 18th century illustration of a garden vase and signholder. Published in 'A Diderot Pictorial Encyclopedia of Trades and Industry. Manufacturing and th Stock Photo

* * *

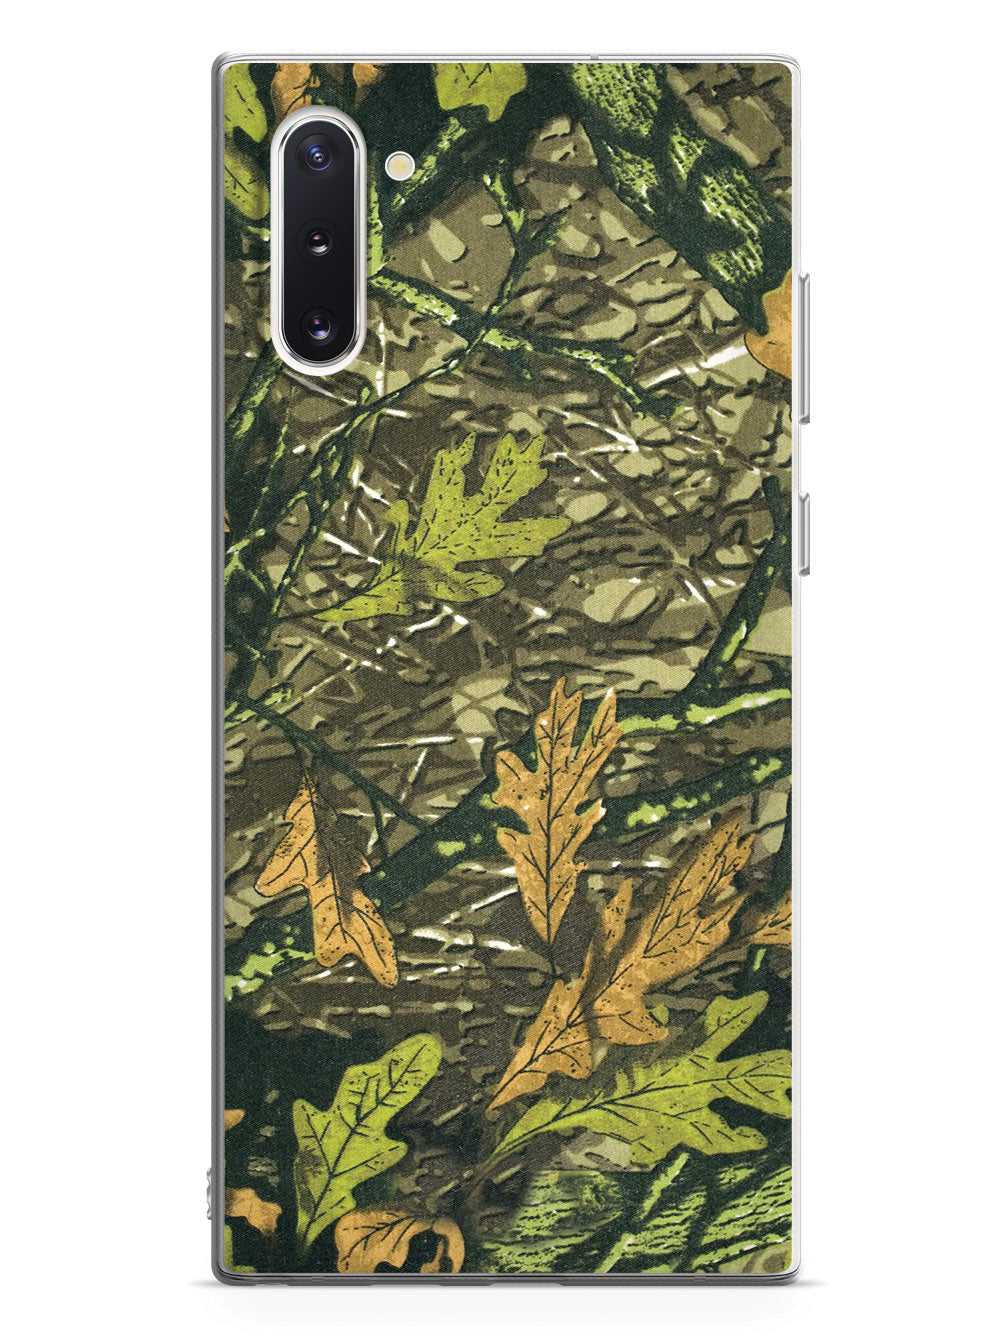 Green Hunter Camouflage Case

--

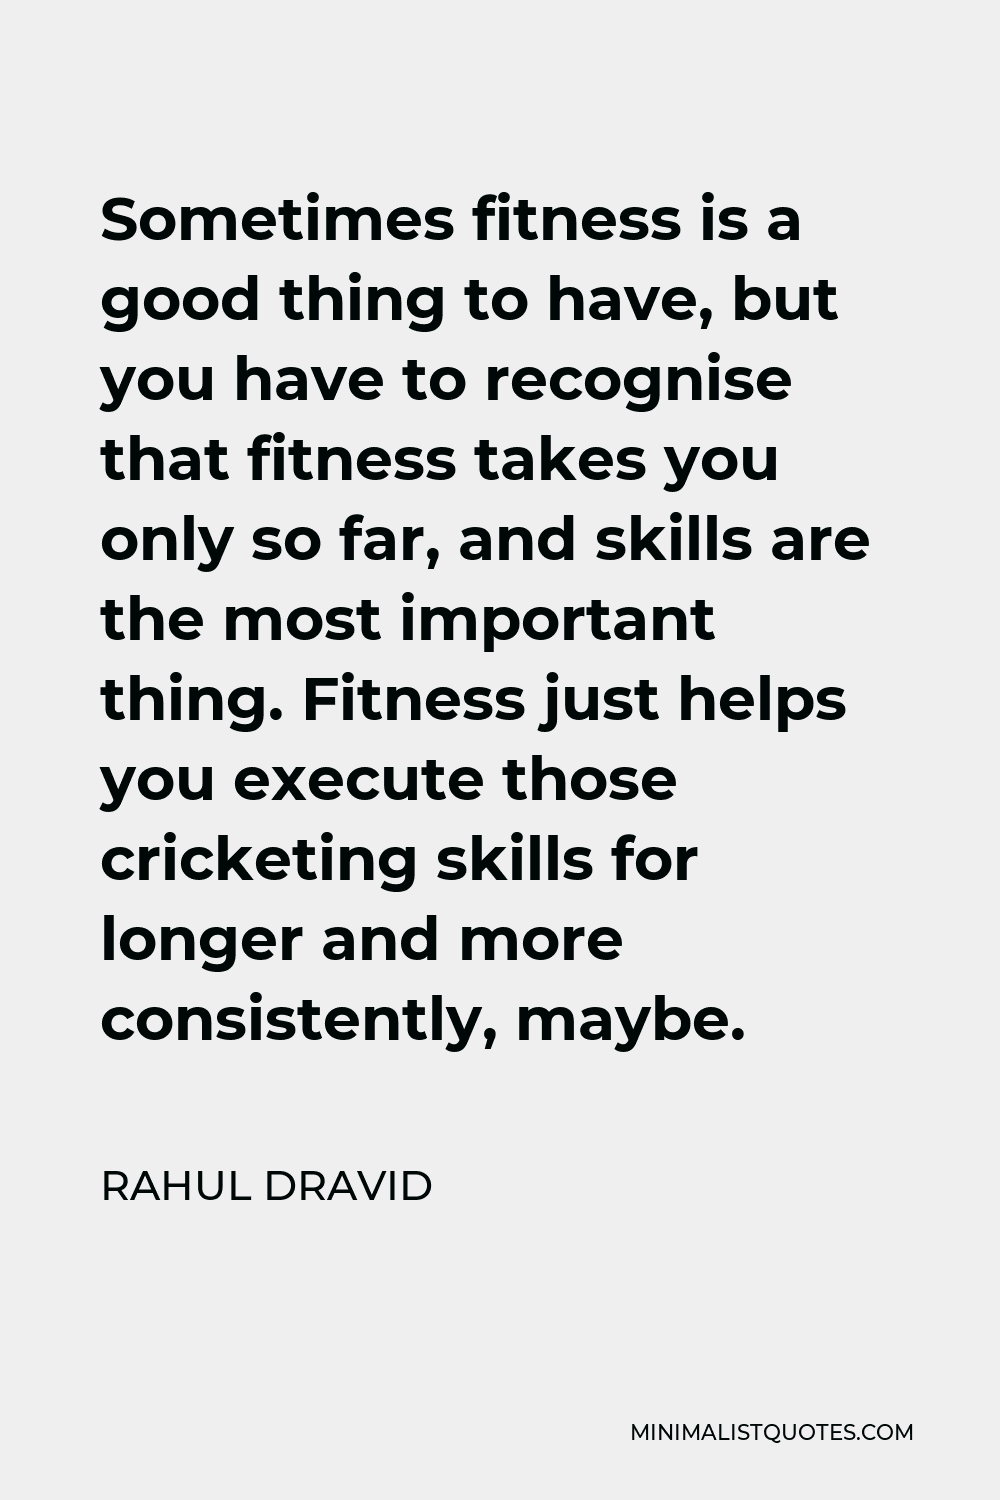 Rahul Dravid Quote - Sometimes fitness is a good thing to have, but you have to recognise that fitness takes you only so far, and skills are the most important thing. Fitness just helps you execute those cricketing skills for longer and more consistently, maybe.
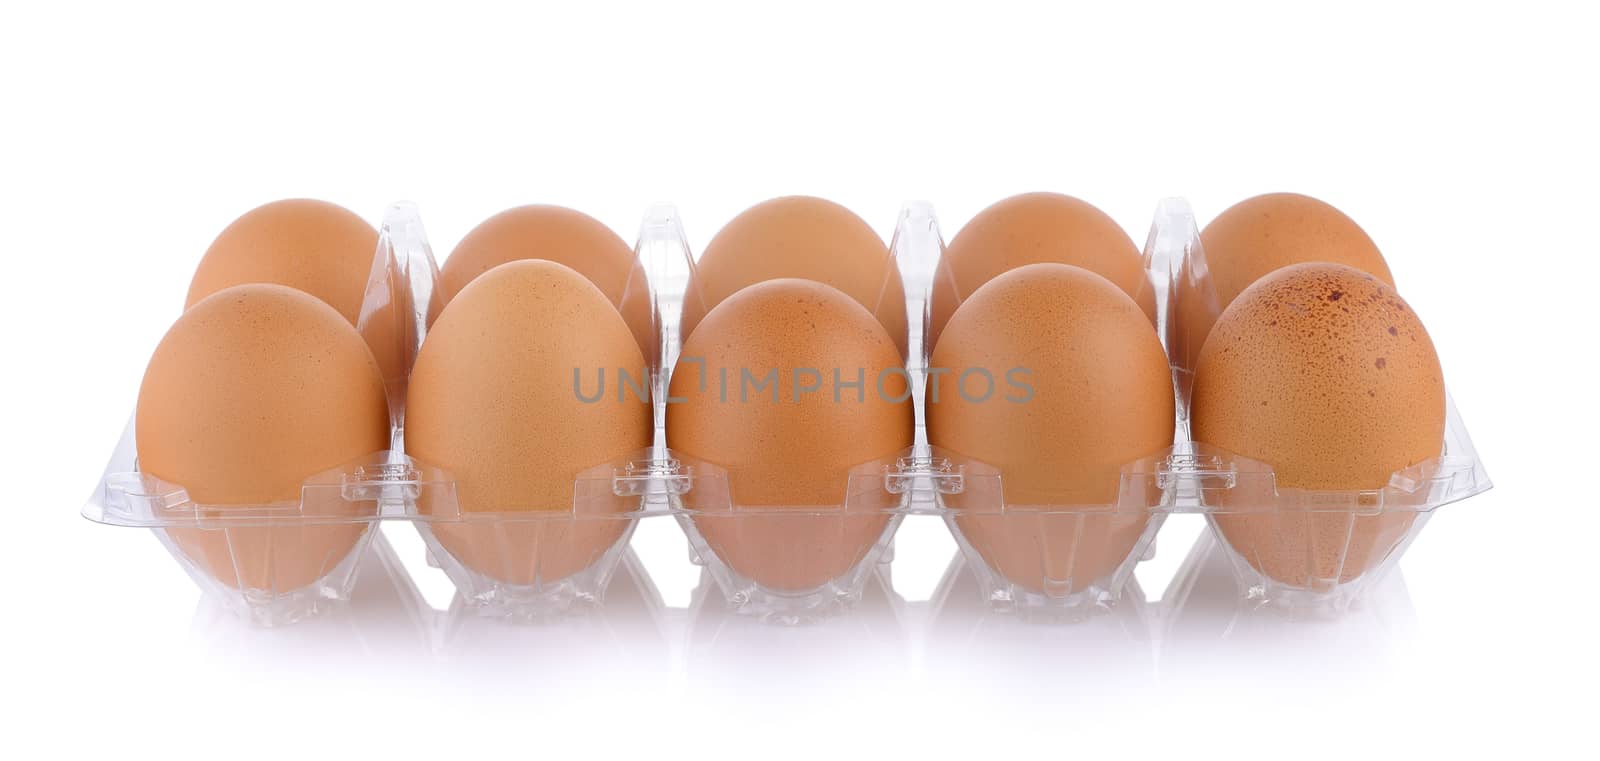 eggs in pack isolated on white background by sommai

● **Task details**:
Return the material from the line containing "Rahul Dravid Quote" through the line containing "eggs in pack", exactly and in full, but without its pictures.

● **Output of the task**:
 Rahul Dravid Quote - Sometimes fitness is a good thing to have, but you have to recognise that fitness takes you only so far, and skills are the most important thing. Fitness just helps you execute those cricketing skills for longer and more consistently, maybe.
 eggs in pack isolated on white background by sommai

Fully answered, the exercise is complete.